Godaime Tsunade said:


> Which is why I said the _collateral_ damage of the sword slash, ie. the aftermath of one of it's blows, which tore the earth in two and sent gigantic blocks of debris significantly larger than the Gokage pelting at them.



Mei doesn't have any significant durability feats, neither does gaara. So the damage couldn't have been that bad if those two where perfectly fine afterwards.

Mabui noted that her technique would tear the normal shinobi to shreds - was Tsunade torn to shreds? No. She just received cuts and slashes. Tsunade even says herself that the damage she received wasn't very threatening. Evidently that is a testament of her durability.




Godaime Tsunade said:


> Pay closer attention then. [4]



no need to get snippy, lol



Godaime Tsunade said:


> Unfortunately, it's user is nowhere near fast enough to do so.
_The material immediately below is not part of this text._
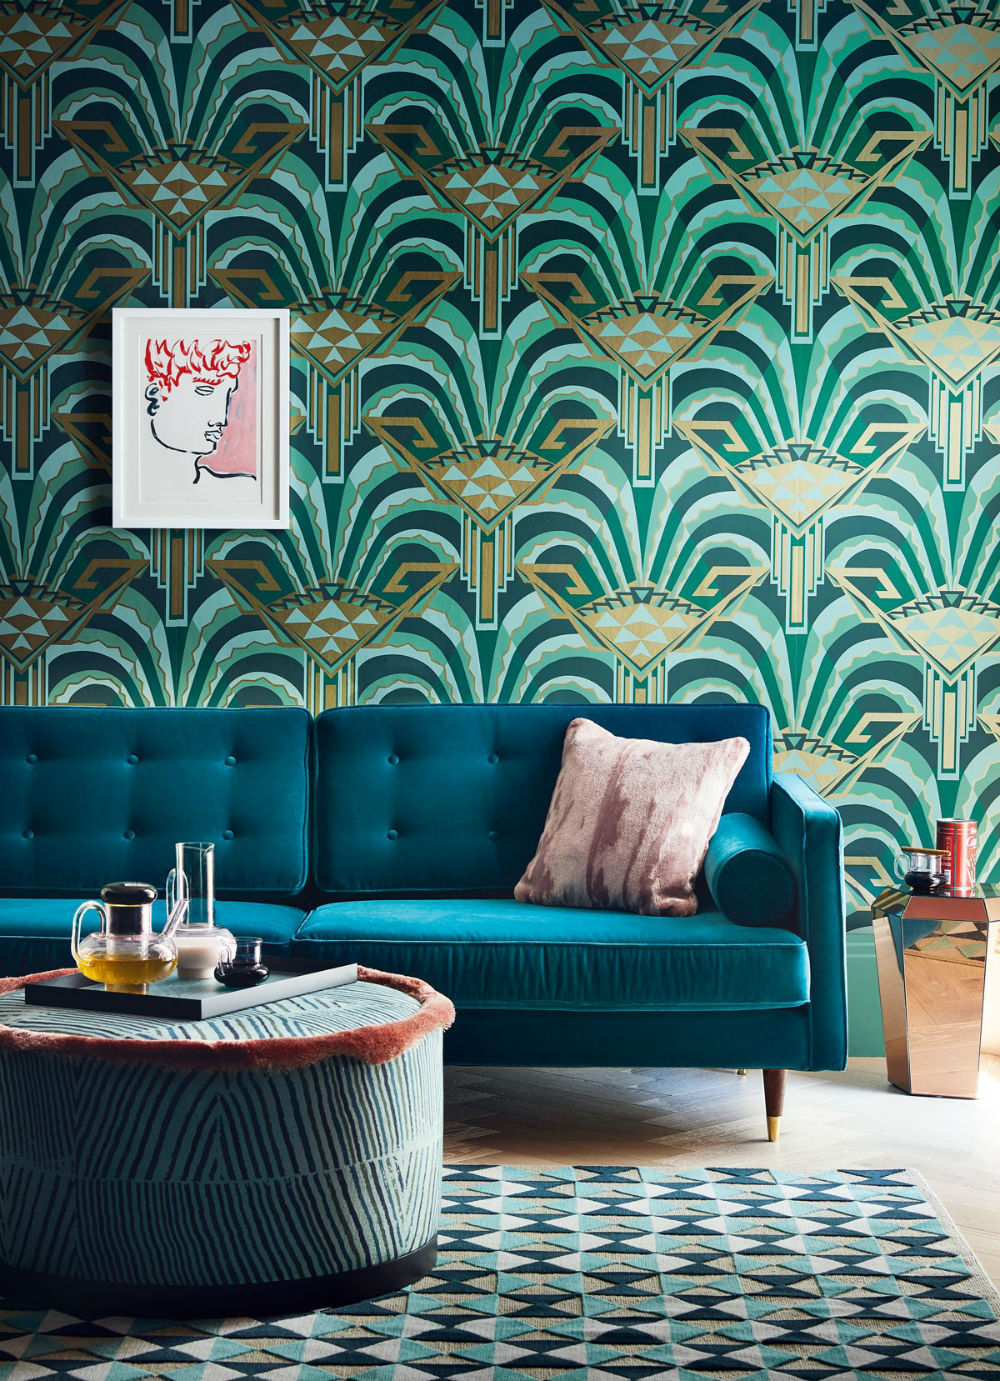 How to bring stylish Art Deco into your home interior

Kakashi snuke up on kakuzu and landed a raikiri on him b4 he even knew what happend. My whole argument here is that kakashi can use clones, to create an open for a suprise attack similar to the one against kakuzu​


----------



## richard lewis (May 12, 2014)

Godaime Tsunade said:


> There is no evidence to suggest that that's when he prepared his RKB. The fact that he was desperately trying to use a chain to escape Pein's Bansho Ten'in suggests that he didn't use that RKB until just before he was impaled.[/indent][/justify]



Well if kakashi manage to set up a bushin while both pain paths where looking right at him and he was being drawing in by BT then that's even more impressive. Regardless if pain could spot kakashi making a bushin even with their linked vision then I don't see how tsunade would.
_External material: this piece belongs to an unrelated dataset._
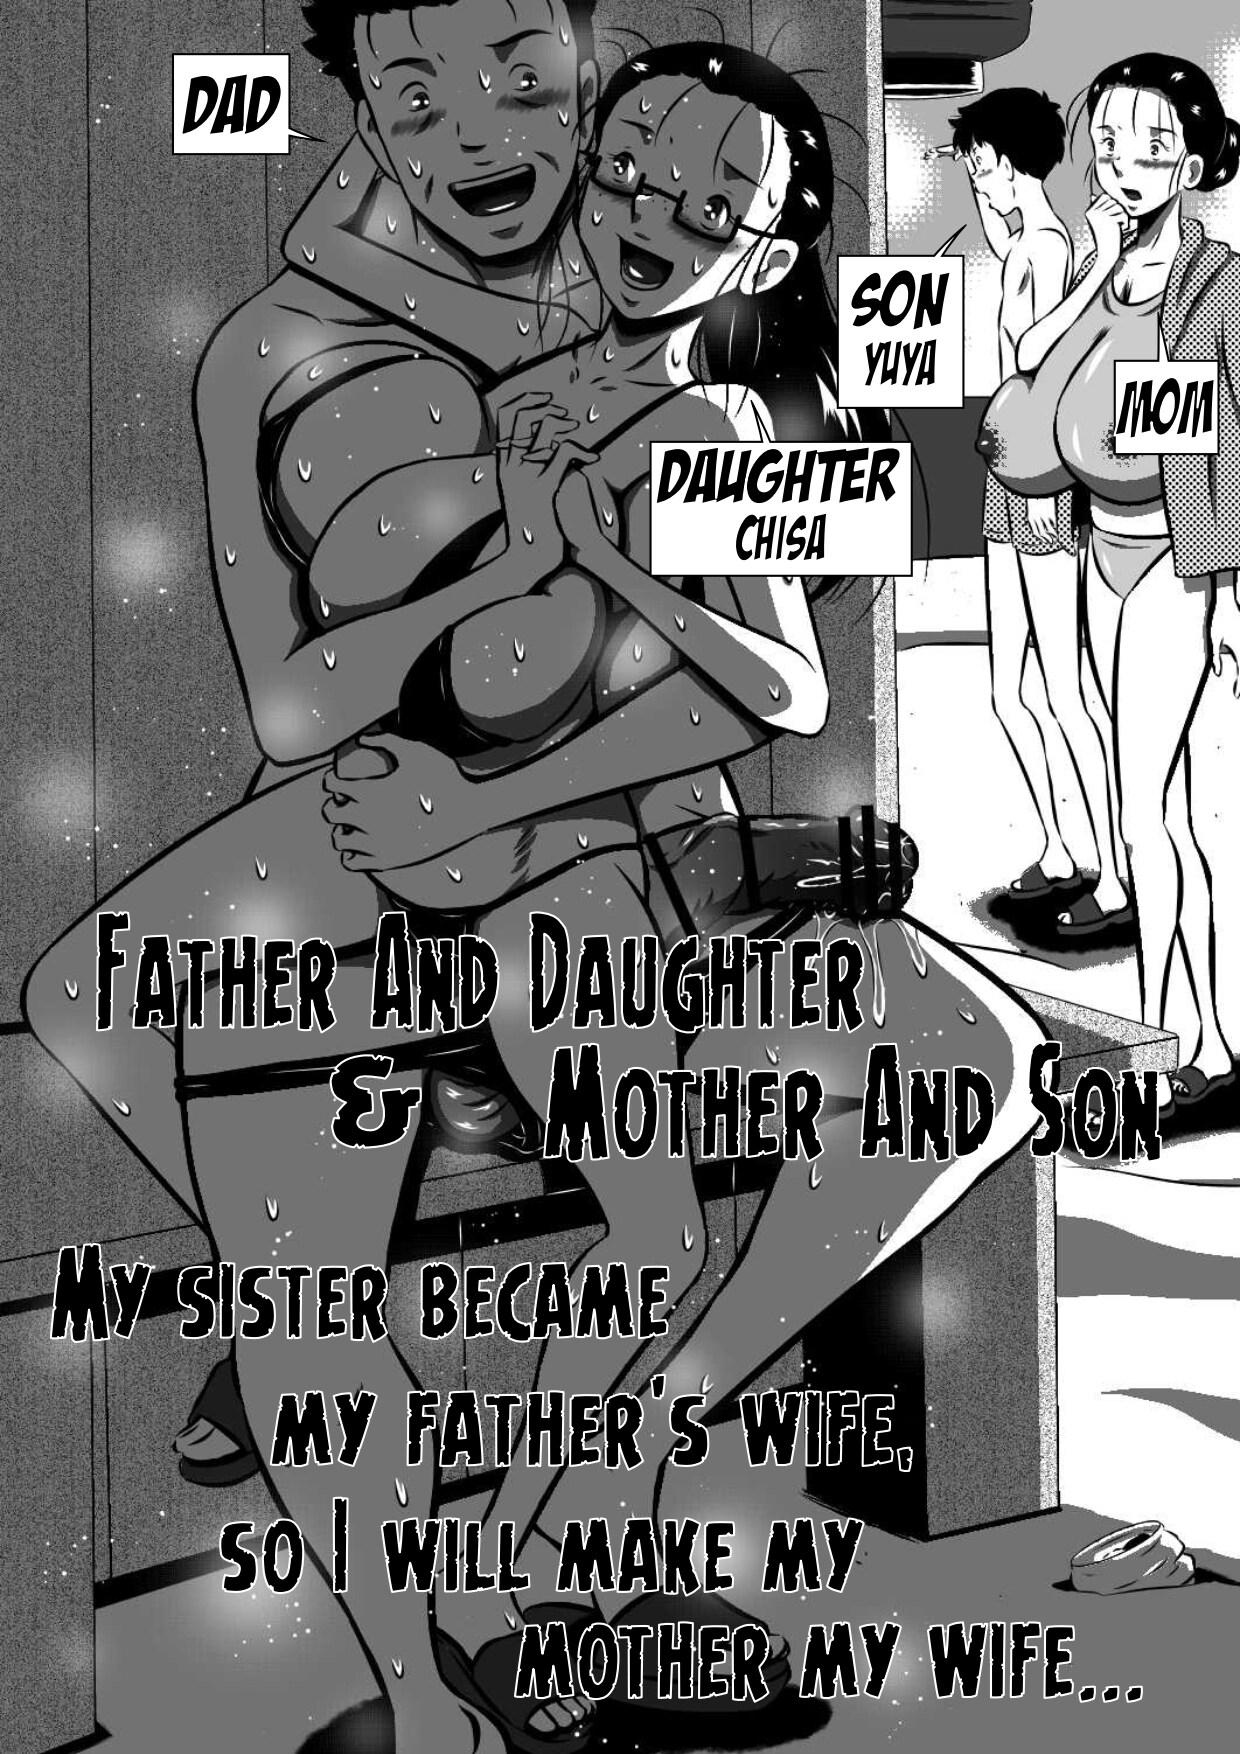 Couple Porn Father And Daughter and Mother And Son - Original English - Page 2

I'm going to come back to this thread when the next chapter comes out after kakashi gets more feats, hopefully this will be a little more of a clear debate then.


----------



## Godaime Tsunade (May 12, 2014)

richard lewis said:


> I don't feel like searching for scans but the two had to move in unison when there where using FRS/enton combo attacks, not sure which chapter it was when they tagged obito with it.



You didn't refute anything else I said, so I assume you have conceded on this point.
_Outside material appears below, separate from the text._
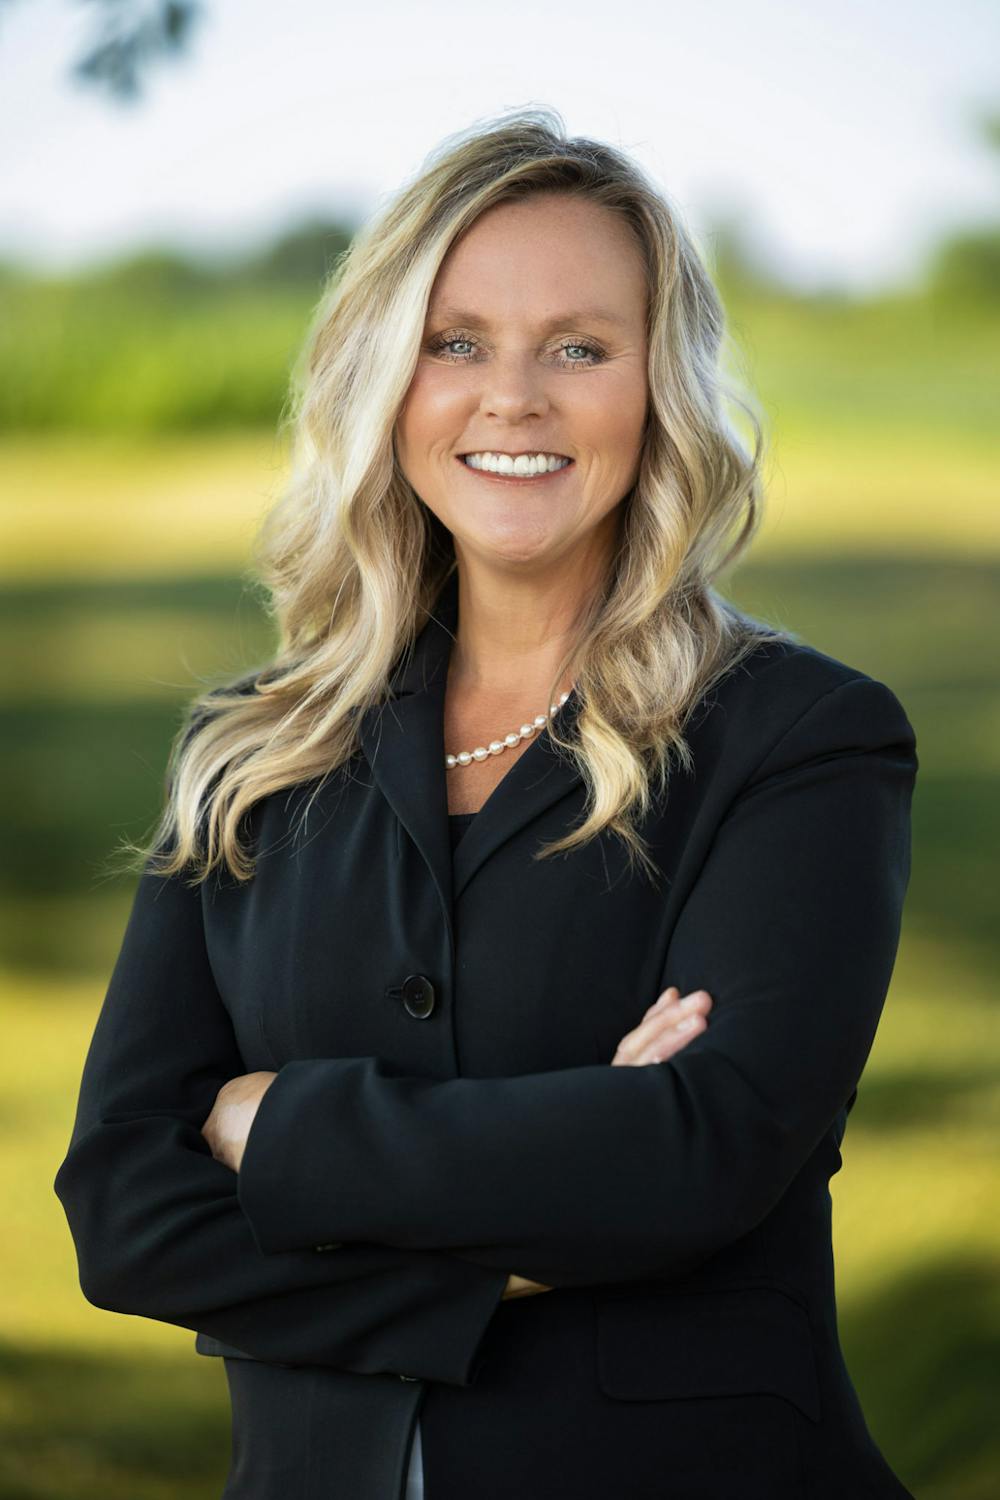 <p>Former Indiana Superintentendant and Ball State Alumna Jennifer McCormick poses for a headshot. <strong> </strong>McCormick announced she will be running for Indiana Governor, according to a press release on May 4. Photo Provided, McCormick for Governor Press Release</p>

> Regardless I'd say kakashi is comparable to V1 Ei in terms of speed so tsunade being as fast as base Ei still makes her slower.



In movement speed, yes. I was never saying Tsunade was as fast as Kakashi though, just that she was about as fast, if not faster than Base Ei and that the difference between the two isn't very big (which you agreed to) and therefore that his speed advantage alone isn't enough to make a difference.



> Nowhere in that scan did hiruzen disarm oro



Check the scan I linked you to afterwards. Herp.



> LOL this was the bases of my point, look at the scan you posted. Enma"the staff" sprouted arms and grabbed oro, not hiruzen himself. Anyone who has the enma staff could catch people off guard like that when the staff can sprout arms and grab you out of nowhere, I don't see how the feat can be attributed to hiruzen.



Stop reading the scans I provide you with half-assedly, Hiruzen grabbed Orochimaru, not Enma. That is made _even clearer_ on the following page.



> LOL, he did have full knowledge. or do you think that shikamaru wouldn't have described hidan's abilities to kakashi b4 they set out on the mission? He knew that hidan was superior to asuma in taijutsu, he knew that hidan was immortal, and he knew about hidans ritual, so yea I'd say that basically full knowledge.



Mid-way through fighting Kakuzu and Hidan, Kakashi says " These two are strong . . especially the masked one " which shows that he is actually physically shocked at their abilities and therefore it is implicit that he did _not_ have full knowledge on them. Hidan is not superior to Asuma in taijutsu either - he has a 3.5 while Asuma had a 4.5.



> I'm aware kakshi has no knowledge here which is why he would first send in a clone to get a feel for tsunade's abilities.



Except that he has done this on very few of his opponents that he has no knowledge on, which we've already discussed and you have failed to refute.




> Nope, I just haven't seen any feats from tsunade to suggest she's any faster than you standard elite jounin which is right round kabuto's lvl of speed.



I have literally just provided you with speed feats to suggest that she is far above the standard Jounin, and you have all but ignored them. Kabuto is almost featless speedwise, and yes, while their speed is probably around the same level given thatthey both a 3.5 in the databook, you have to remember that a 3.5 is far above average, and that being only a tier above someone does not mean you can blitz them every time you go to attack, especially not whenever they are significantly better at taijutsu.



> I agree it is a bit baseless, but it's also baseless to assume the contrary. which is why I think this thread is premature, sharingan less kakashi has no feats, so to assume that he would be slower is baseless when we've seen shinobi w/o the sharingan move faster than most MS users.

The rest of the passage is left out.